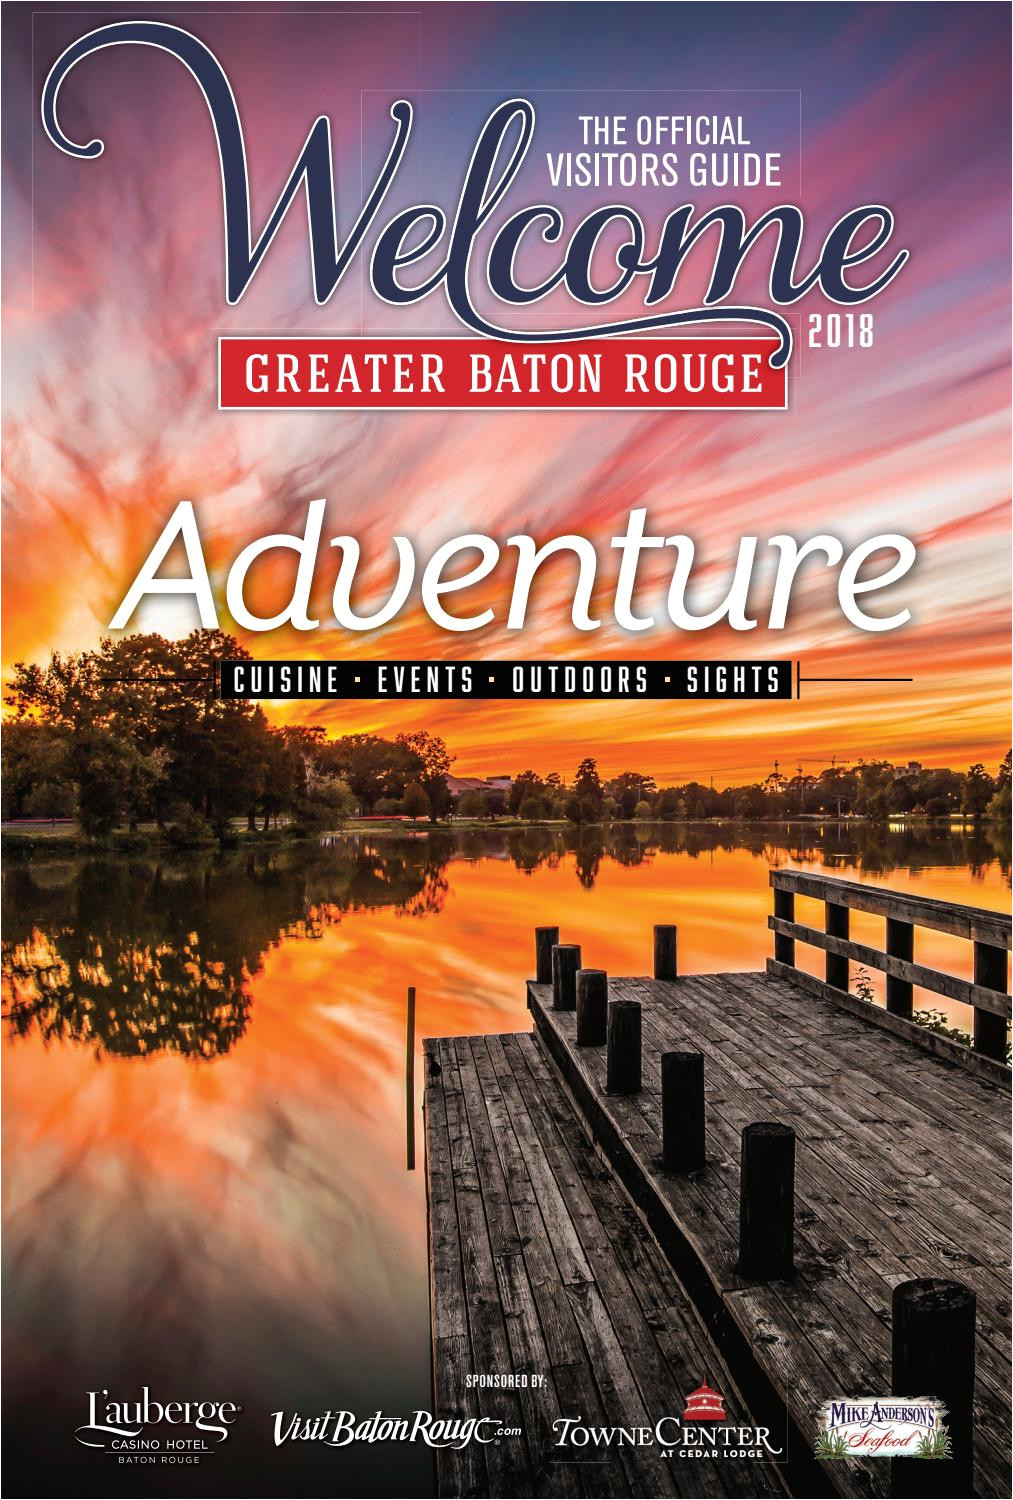 White Light Night Baton Rouge November 2019 2018 Welcome the Official Visitors Guide to Greater Baton Rouge by
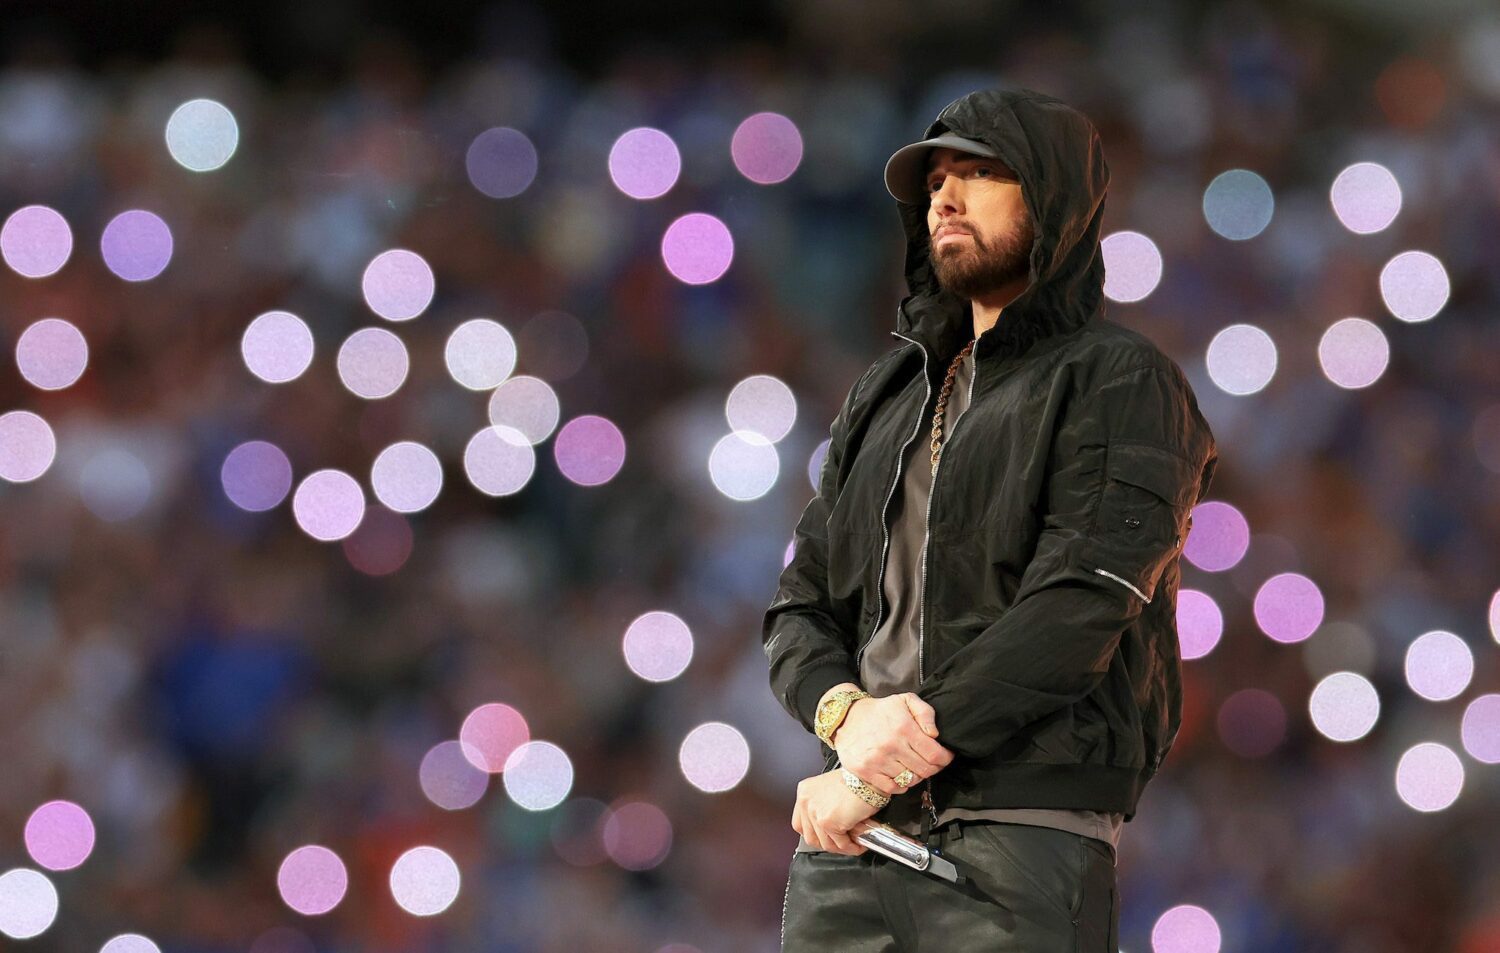 INGLEWOOD, CALIFORNIA - FEBRUARY 13: Eminem performs during the Pepsi Super Bowl LVI Halftime Show at SoFi Stadium on February 13, 2022 in Inglewood, California. (Photo by Kevin C. Cox/Getty Images)
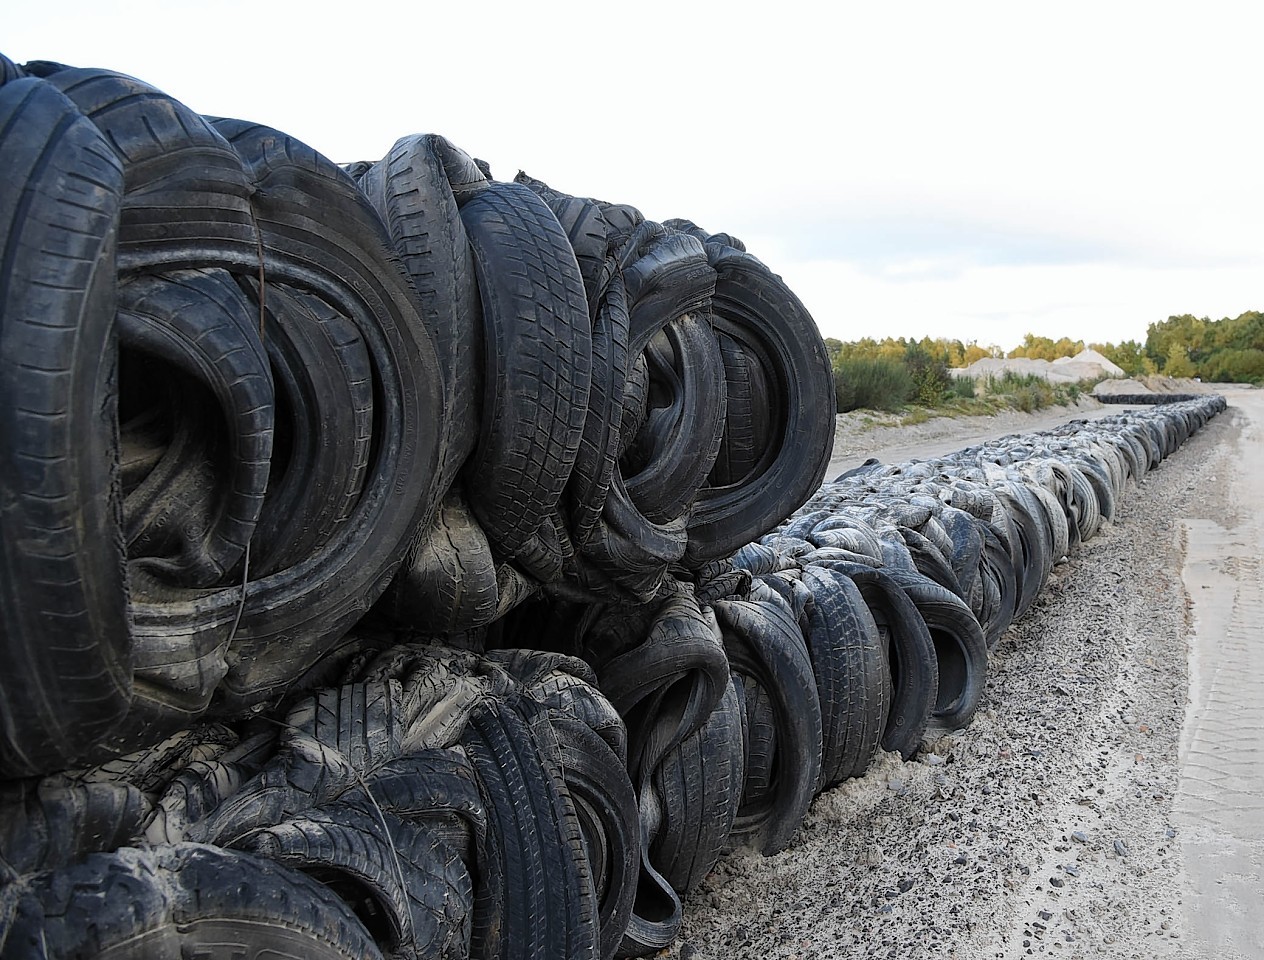 SSE's wall of tyres
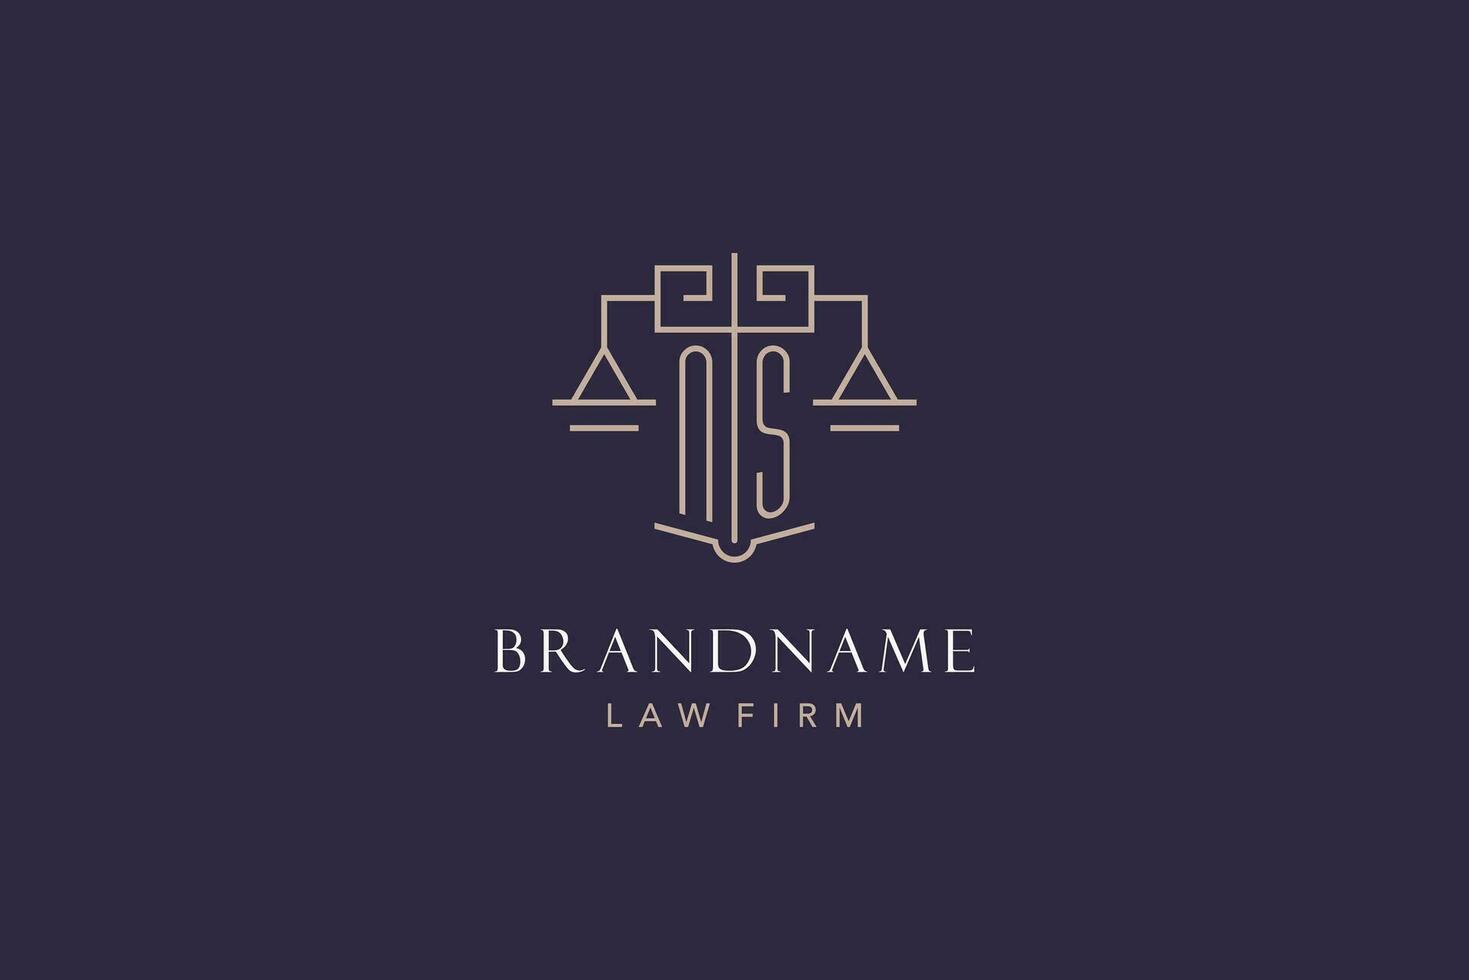 Initial letter NS logo with scale of justice logo design, luxury legal logo geometric style vector

**Work to complete**.
Output the whole listing without change. Any picture is to be left out.

**Answer to the exercise**.
 White Light Night Baton Rouge November 2019 2018 Welcome the Official Visitors Guide to Greater Baton Rouge by
 INGLEWOOD, CALIFORNIA - FEBRUARY 13: Eminem performs during the Pepsi Super Bowl LVI Halftime Show at SoFi Stadium on February 13, 2022 in Inglewood, California. (Photo by Kevin C. Cox/Getty Images)
 SSE's wall of tyres
 Initial letter NS logo with scale of justice logo design, luxury legal logo geometric style vector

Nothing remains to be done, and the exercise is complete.